Published in Molecular Aspects of Medicine, a recent review on the link between obesity and male fertility disorders delves into the frequency of this association, its impact on sperm quality, and the potential underlying mechanisms.
Defining obesity
Body mass index (BMI) is a common tool used to define obesity (≥ 30 kg/m²), but it has limitations. It does not accurately assess body composition, which is the ratio of fat mass to muscle mass and fails to consider how fat is distributed throughout the body. These limitations may explain why there is conflicting evidence linking obesity to male fertility in existing research.
What existing research says about obesity and male fertility
Conventional Sperm Parameters
Studies report conflicting results on the impact of obesity on sperm concentration, motility and morphology. Some meta-analyses suggest a negative correlation between BMI and sperm quality, while others show no significant association. Discrepancies may arise from the different methodologies used, the populations included, and the lack of adjustment for other confounding factors, such as age, and smoking. A more reliable and more recent meta-analysis found lower sperm concentration, total sperm count, progressive motility, and normal morphology in obese men. These reductions were influenced by age, smoking, varicocele, and serum total testosterone levels, the latter indicating that obesity can alter sperm quality through the induction of hypogonadism.
Biofunctional Sperm Parameters
While there is less evidence, it appears that obesity also has a negative impact on sperm bio functional parameters.

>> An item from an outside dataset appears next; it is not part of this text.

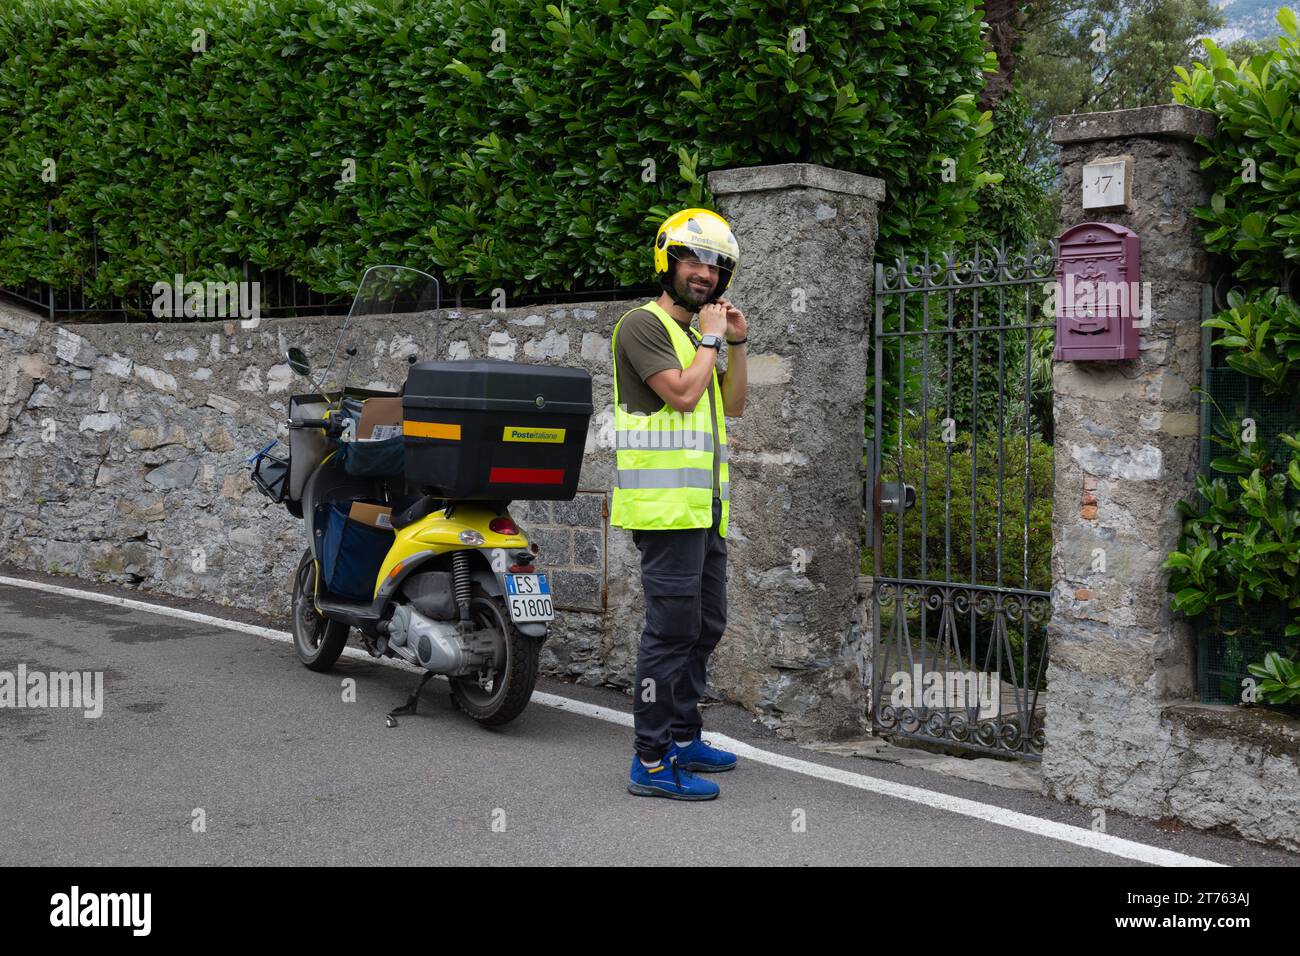 Un transporteur postal de poste Italiane attache son casque après avoir stationné sa moto le long d'un mur à Bellagio, Lombardie, Italie. Banque D'Images

Meta-analytic data shows that obesity increases the risk of sperm DNA fragmentation and is associated with a reduction in mitochondrial membrane potential.
Hormonal Effects
Obesity is associated with lower total testosterone and sex hormone-binding globulin levels, and higher estrogen levels. This hormonal imbalance can contribute to hypogonadism and impaired spermatogenesis.
Assisted Reproductive Techniques (ART) Outcomes:
While studies on the impact of paternal BMI on ART outcomes are inconclusive, some studies do suggest a negative association between obesity and clinical pregnancy rate, live birth rate, and an increased miscarraige rate.

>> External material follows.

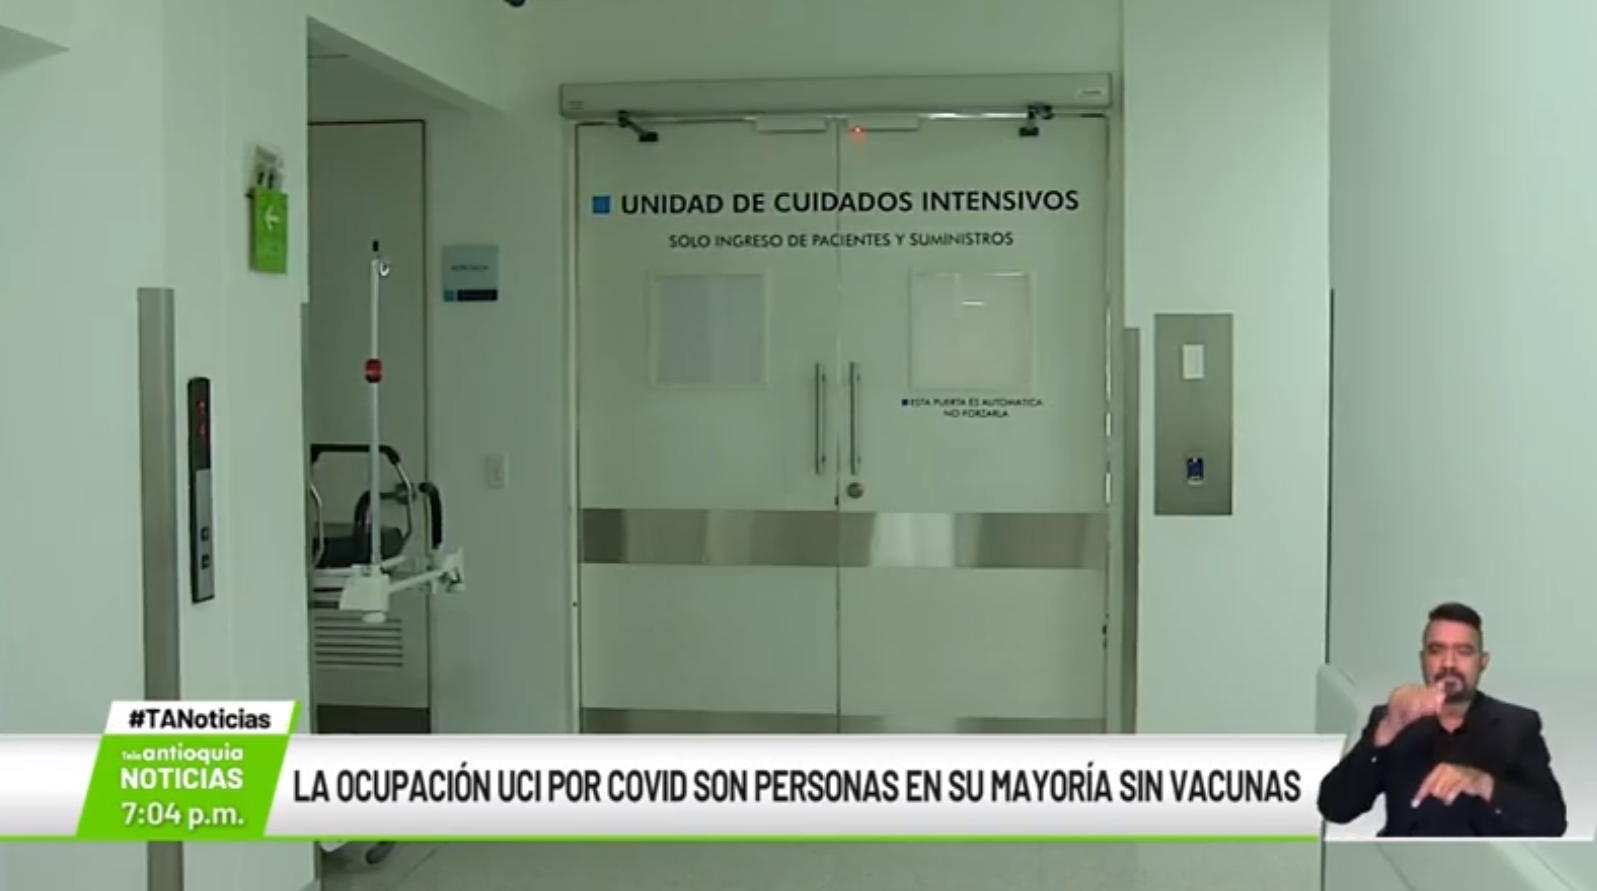 La ocupación UCI por Covid son personas en su mayoría sin vacunas

How does obesity affect male fertility?
Several potential mechanisms might explain how and why obesity disrupts male fertility. Obesity-related functional hypogonadism, insulin resistance, hyperinsulinemia, and chronic inflammation have been studied extensively. More recently, the role of adipokines, irisin, gut hormones, gut microbiome, and sperm transcriptome has been analyzed.
- Obesity-related functional hypogonadism: This condition disrupts the hypothalamic-pituitary-gonadal axis, leading to reduced testosterone production despite normal or elevated gonadotropin levels.
- Insulin resistance and hyperinsulinemia: Excess insulin can impair testicular function and spermatogenesis.
- Chronic inflammation: Obesity-induced inflammation can damage testicular tissue and sperm quality.
- Adipokines: These fat-derived hormones can have detrimental effects on testosterone production and sperm function.
- Irisin: This exercise-induced hormone might have a protective role in spermatogenesis, and its levels are reduced in obesity.
- Gut hormones and microbiome: The gut microbiome and its hormonal communication with the testes might be altered in obesity, affecting sperm function.
- Sperm transcriptome: Obesity might alter the gene expression profile of sperm cells, potentially impacting their fertilizing ability.
Key Takeaway:
This review further emphasizes the link between obesity and a decline in male fertility, pointing to a broad spectrum of molecular mechanisms through which this occurs. A better understanding of these mechanisms is crucial for identifying new diagnostic markers and developing the therapeutic strategies to improve the clinical management of male infertility in obese patients.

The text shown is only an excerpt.